Work to be completed
Can you transcribe the data exactly? Leave the pictures out.

Task input
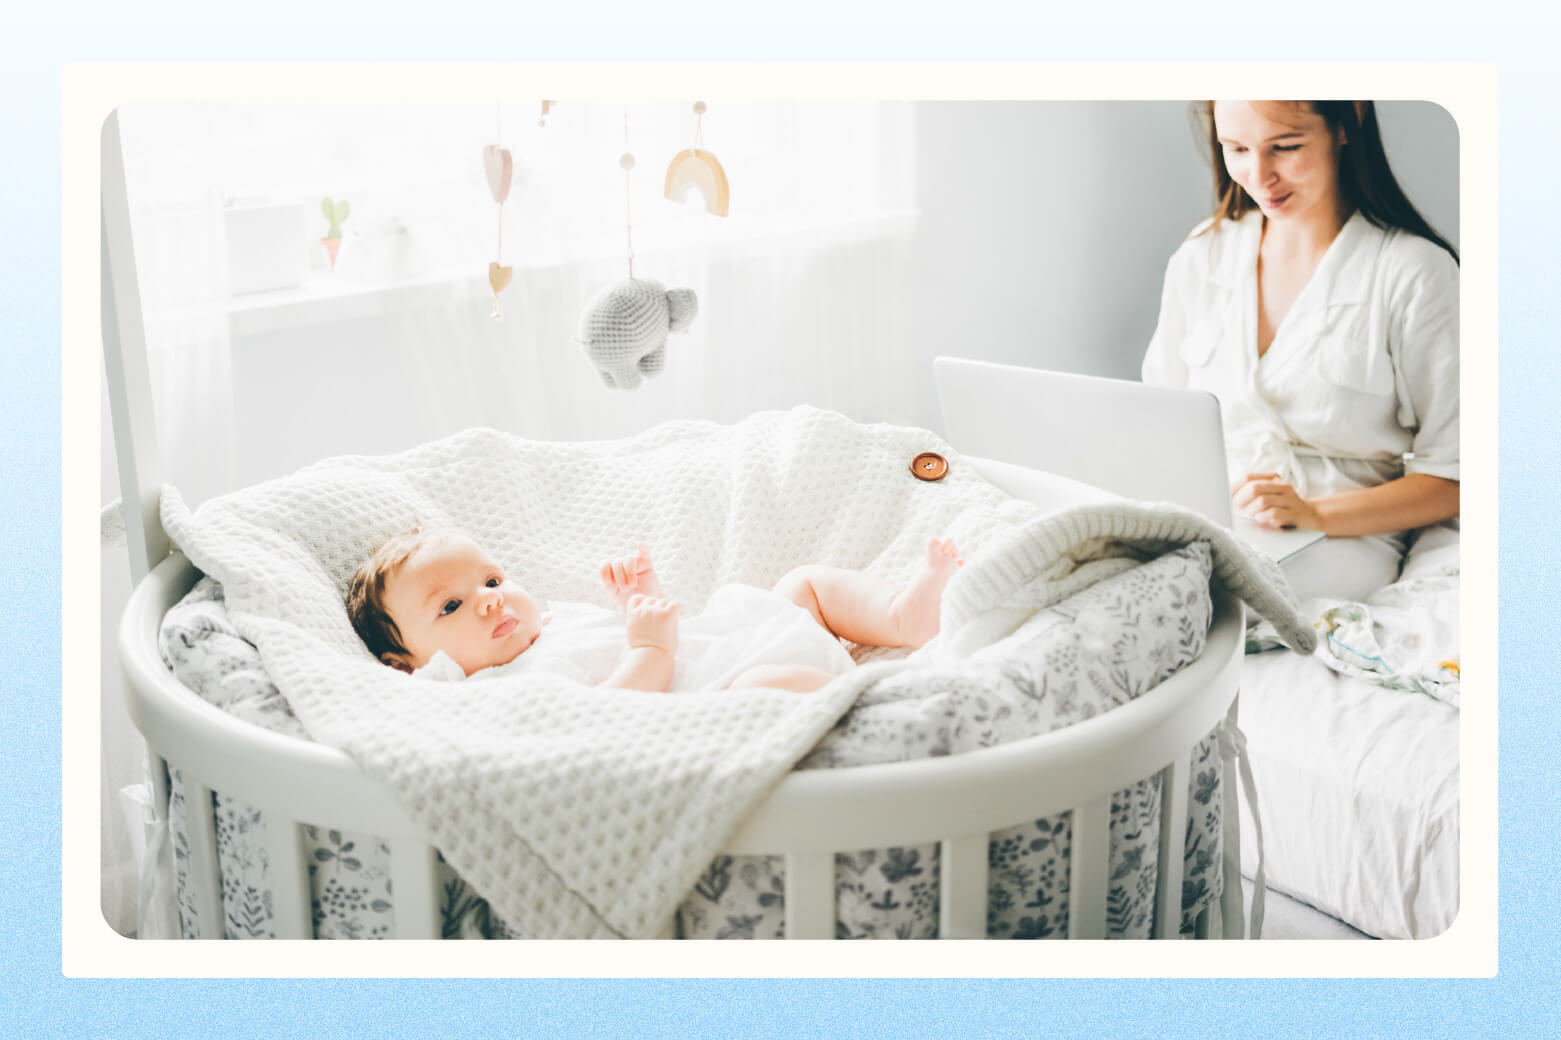 Woman on laptop sitting next to oval-shaped crib with baby laying inside of it on fluffy blankets
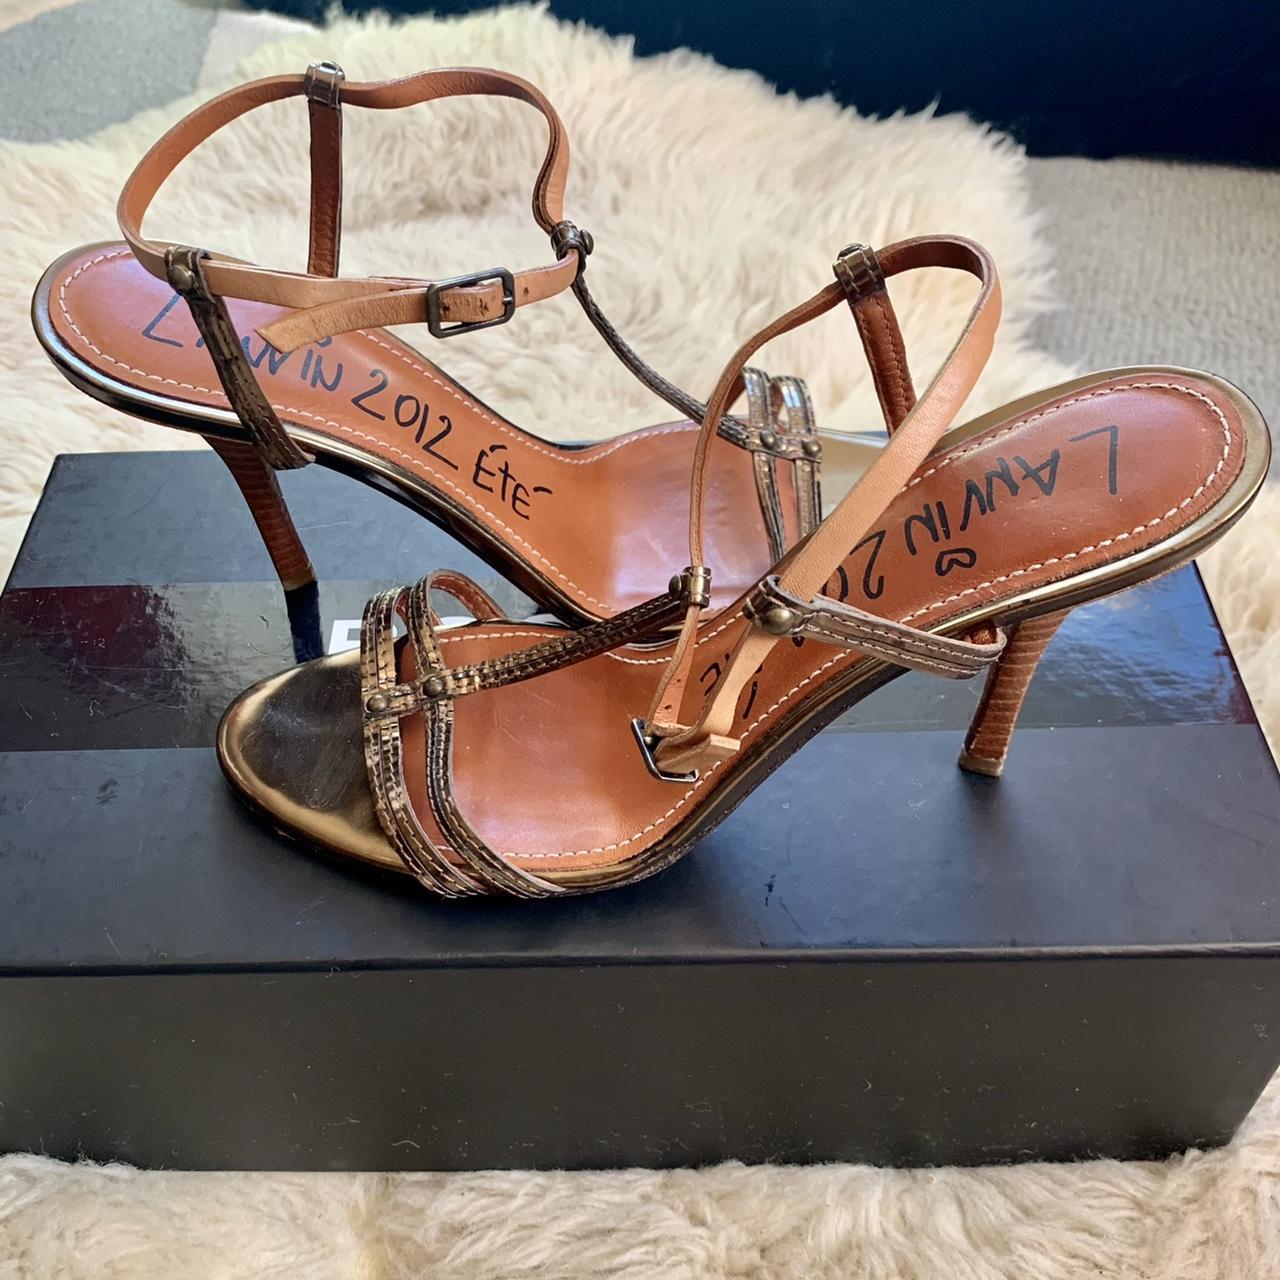 Lanvin Women's Tan and Gold Sandals
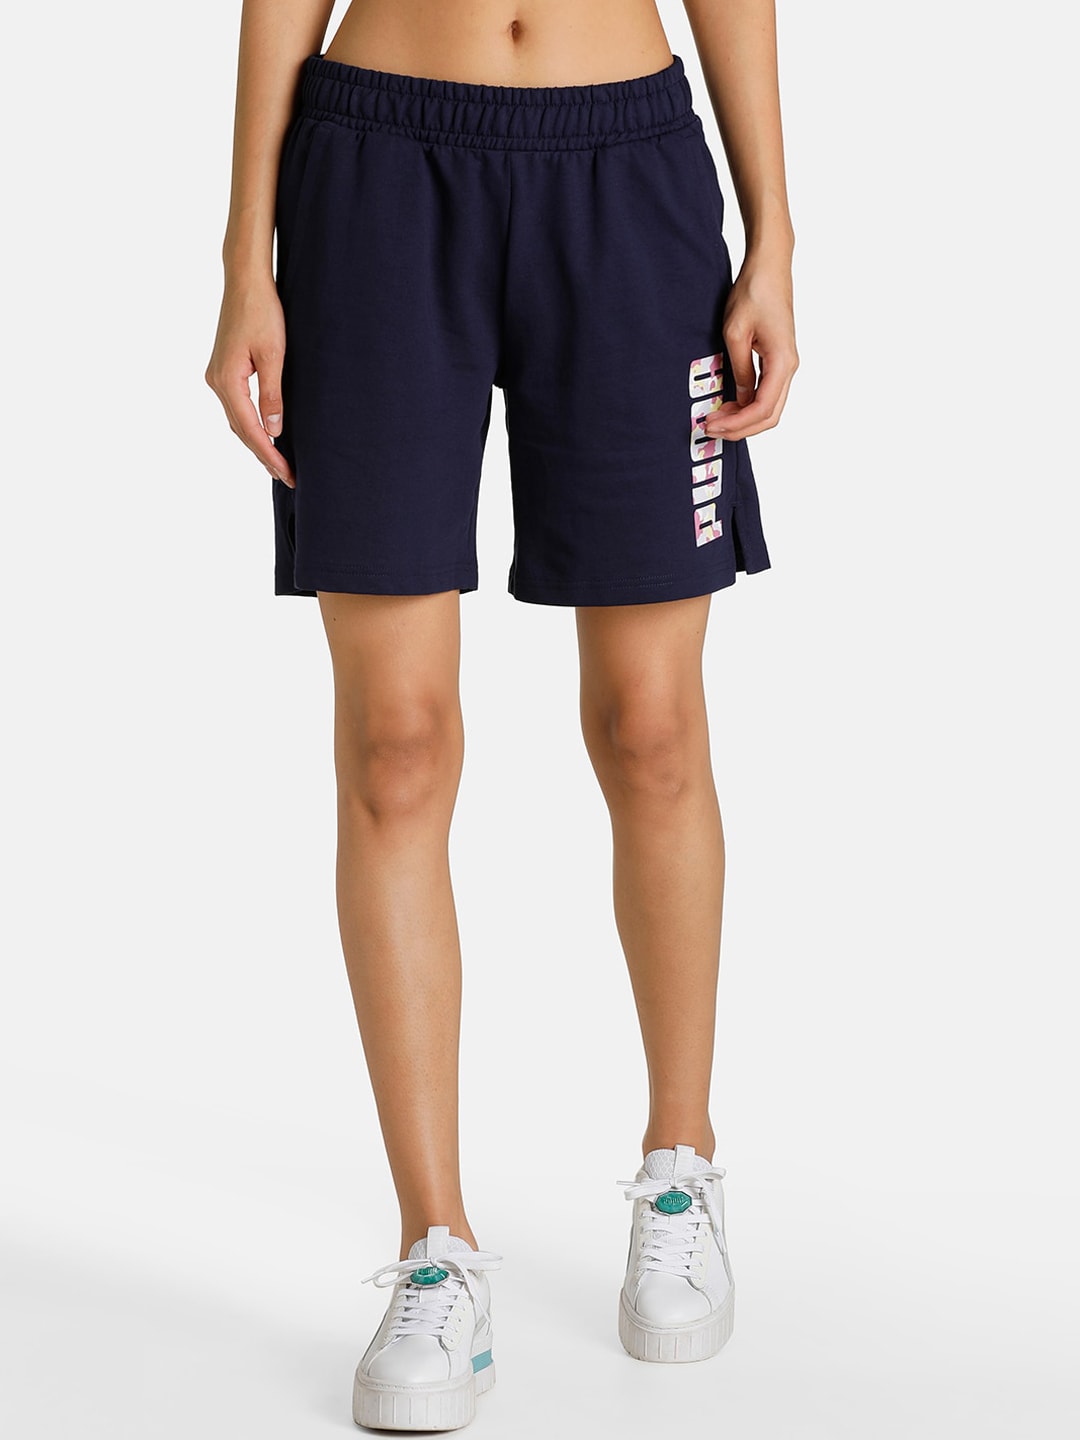 Puma Women Blue Loose Fit Sports Shorts Price in India
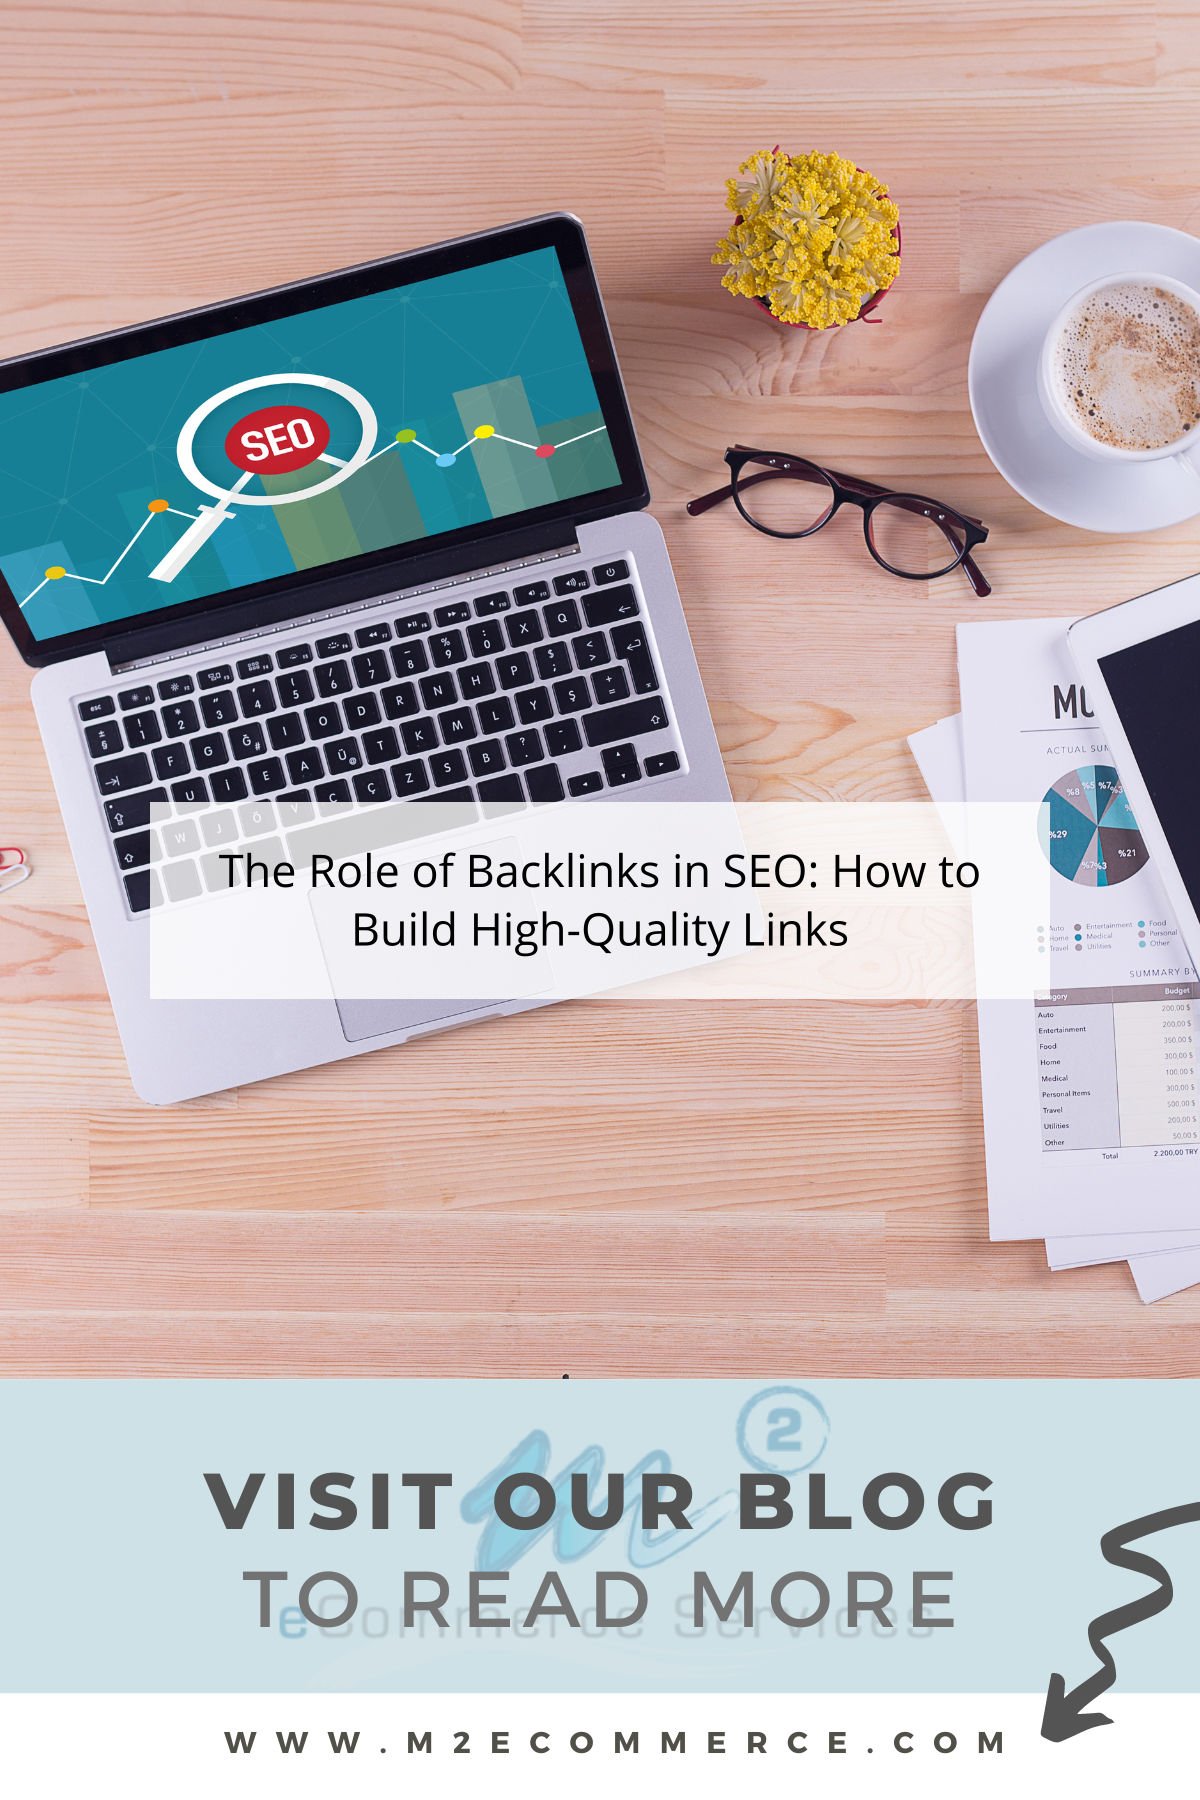 The Role of Backlinks in SEO: How to Build High-Quality Links
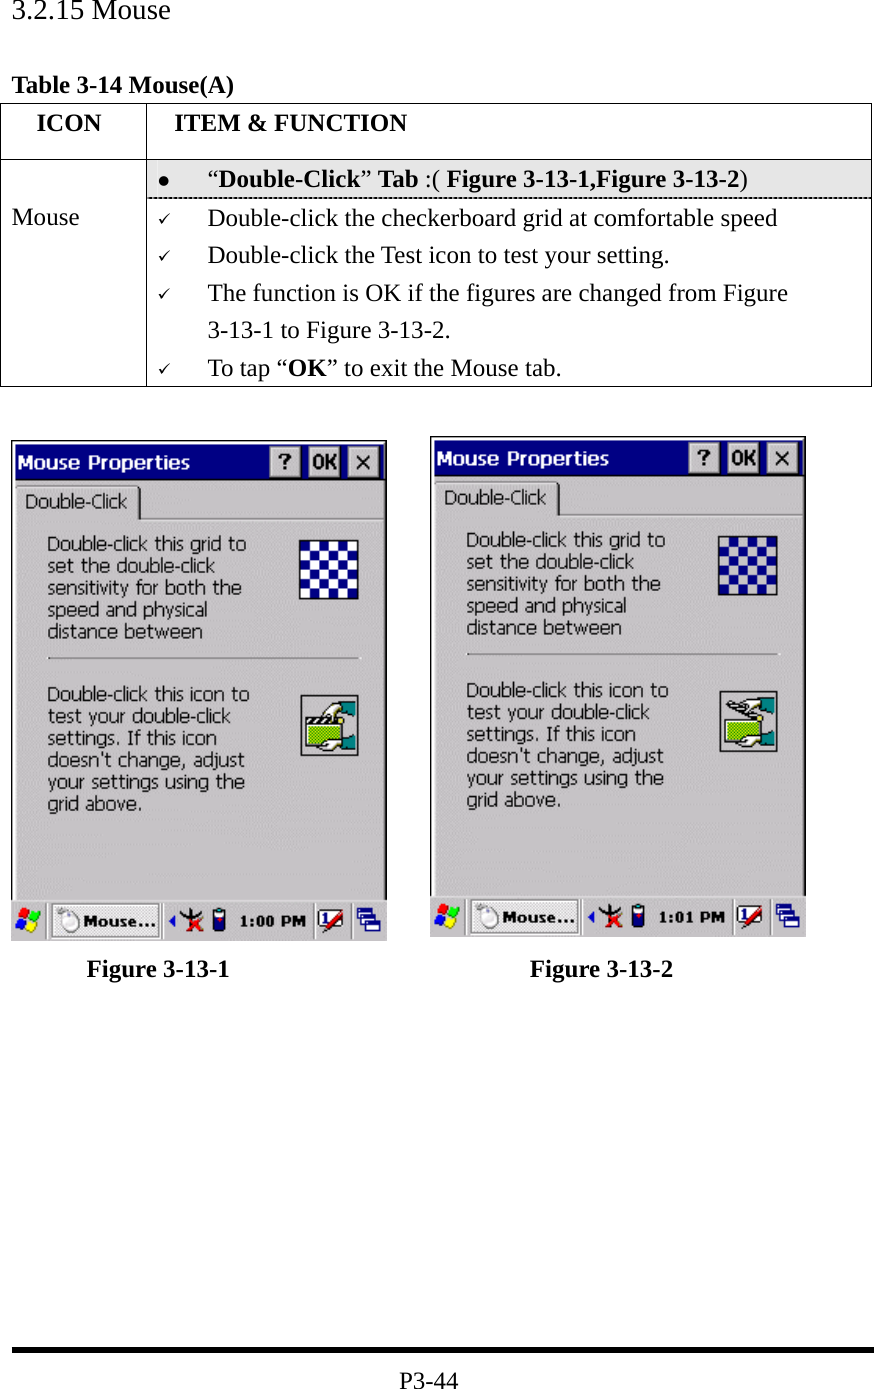  3.2.15 Mouse  Table 3-14 Mouse(A)   ICON   ITEM &amp; FUNCTION   “Double-Click” Tab :( Figure 3-13-1,Figure 3-13-2)    Mouse    Double-click the checkerboard grid at comfortable speed   Double-click the Test icon to test your setting.   The function is OK if the figures are changed from Figure 3-13-1 to Figure 3-13-2.   To tap “OK” to exit the Mouse tab.            Figure 3-13-1                        Figure 3-13-2           P3-44

Task result
 Woman on laptop sitting next to oval-shaped crib with baby laying inside of it on fluffy blankets
 Lanvin Women's Tan and Gold Sandals
 Puma Women Blue Loose Fit Sports Shorts Price in India
 The Role of Backlinks in SEO: How to Build High-Quality Links
  3.2.15 Mouse  Table 3-14 Mouse(A)   ICON   ITEM &amp; FUNCTION   “Double-Click” Tab :( Figure 3-13-1,Figure 3-13-2)    Mouse    Double-click the checkerboard grid at comfortable speed   Double-click the Test icon to test your setting.   The function is OK if the figures are changed from Figure 3-13-1 to Figure 3-13-2.   To tap “OK” to exit the Mouse tab.            Figure 3-13-1                        Figure 3-13-2           P3-44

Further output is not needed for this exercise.